Logo depois sentem de novo o sufoco insuportável.
Essas pessoas não vivem, sobrevivem.
E apenas sobreviver é trabalhar em algo sem sentido
só para manter o salário;
é fazer joguinhos de poder para manter o emprego;
é sair com alguém que não se ama somente
para aplacar a solidão;
é ter relações sexuais só para
manter o casamento;
é não conseguir desgrudar os olhos da TV, com
medo de escutar a voz da consciência;
é ter de tomar alguns drinques para conseguir voltar
para casa.
A sociedade nos pressiona diariamente para nos transformar
em máquinas.
Todos os dias, pela manhã, uma multidão liga
seu corpo como se fosse mais uma máquina e sai pela
porta para uma repetição infinita de ações
rotineiras sem nenhuma relação com sua vocação
e seu talento.
E muita gente chama a isso livre-arbítrio.
Depois vão a massagens, saunas, fazem um monte de ginástica
em busca de um pouco de energia extra para, no dia seguinte,
voltar a fazer o mesmo trabalho que não tem nenhuma
relação com sua alma.
Muitos estados de depressão são, na realidade,
frutos de uma terrível sensação de inutilidade.
Esse olhar vago do deprimido é muitas vezes o olhar
de quem poderia ter aproveitado as oportunidades da vida,
mas não soube valorizar o que era realmente importante.

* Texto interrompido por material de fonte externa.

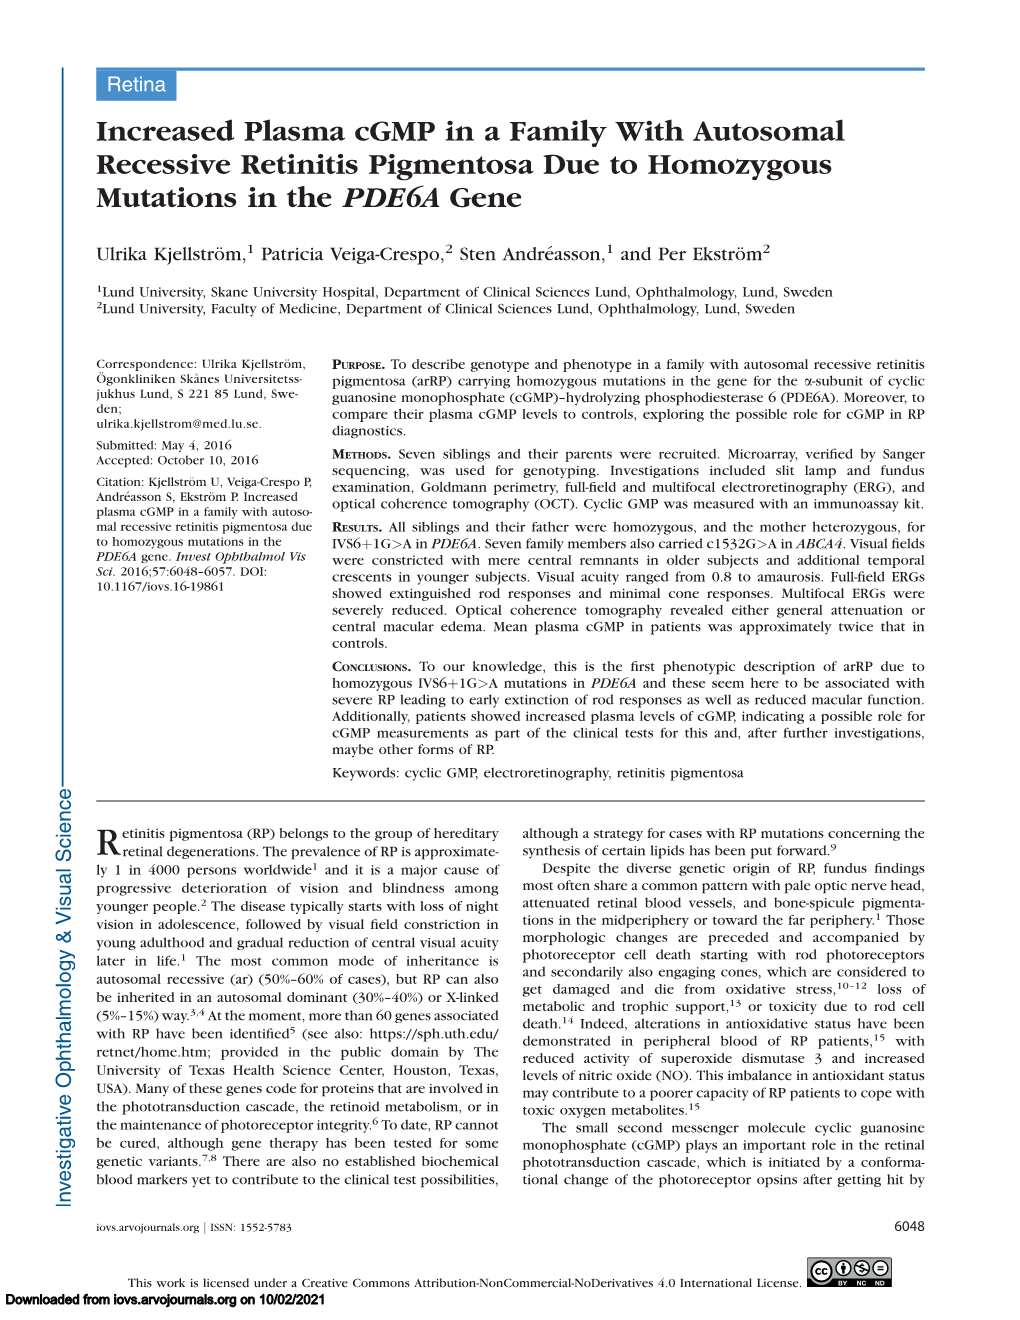 Increased Plasma Cgmp in a Family with Autosomal Recessive Retinitis Pigmentosa Due to Homozygous Mutations in the PDE6A Gene
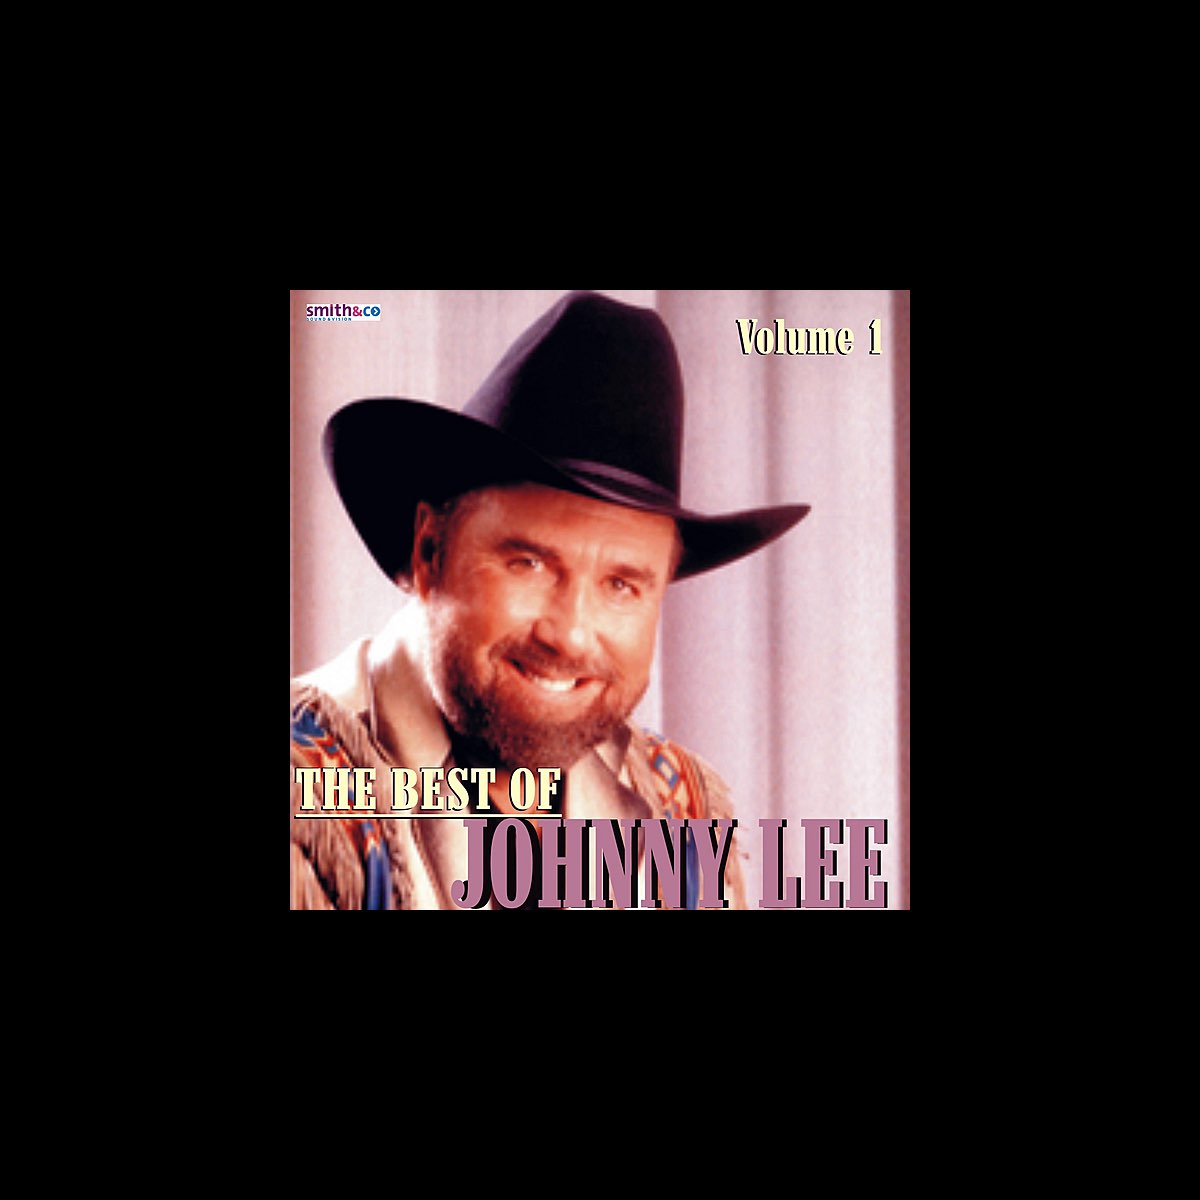 Best of Johnny Lee, Vol. 1 by Johnny Lee on Apple Music

Se, por acaso, você se identificou com a descrição
acima, está na hora de mudar. Aproveite o início
de um novo ano !
O filósofo espanhol Julián Marías escreveu
que a infelicidade humana está em não preferir
o que preferimos.
Quando uma pessoa não prefere o que prefere, acaba
se traindo.
As escolhas de nossa vida têm sempre de privilegiar
a nossa essência.
Nossa vocação não tem nada a ver com
ações sem afeto.
O ser humano nasceu para realizar a sua vocação
divina.
No entanto, quantas vezes acabamos nos dedicando exclusivamente
à sobrevivência!
Sobreviver e viver são experiências completamente
distintas.
Viver é ser dono do próprio destino.
É saber escrever o roteiro da própria vida.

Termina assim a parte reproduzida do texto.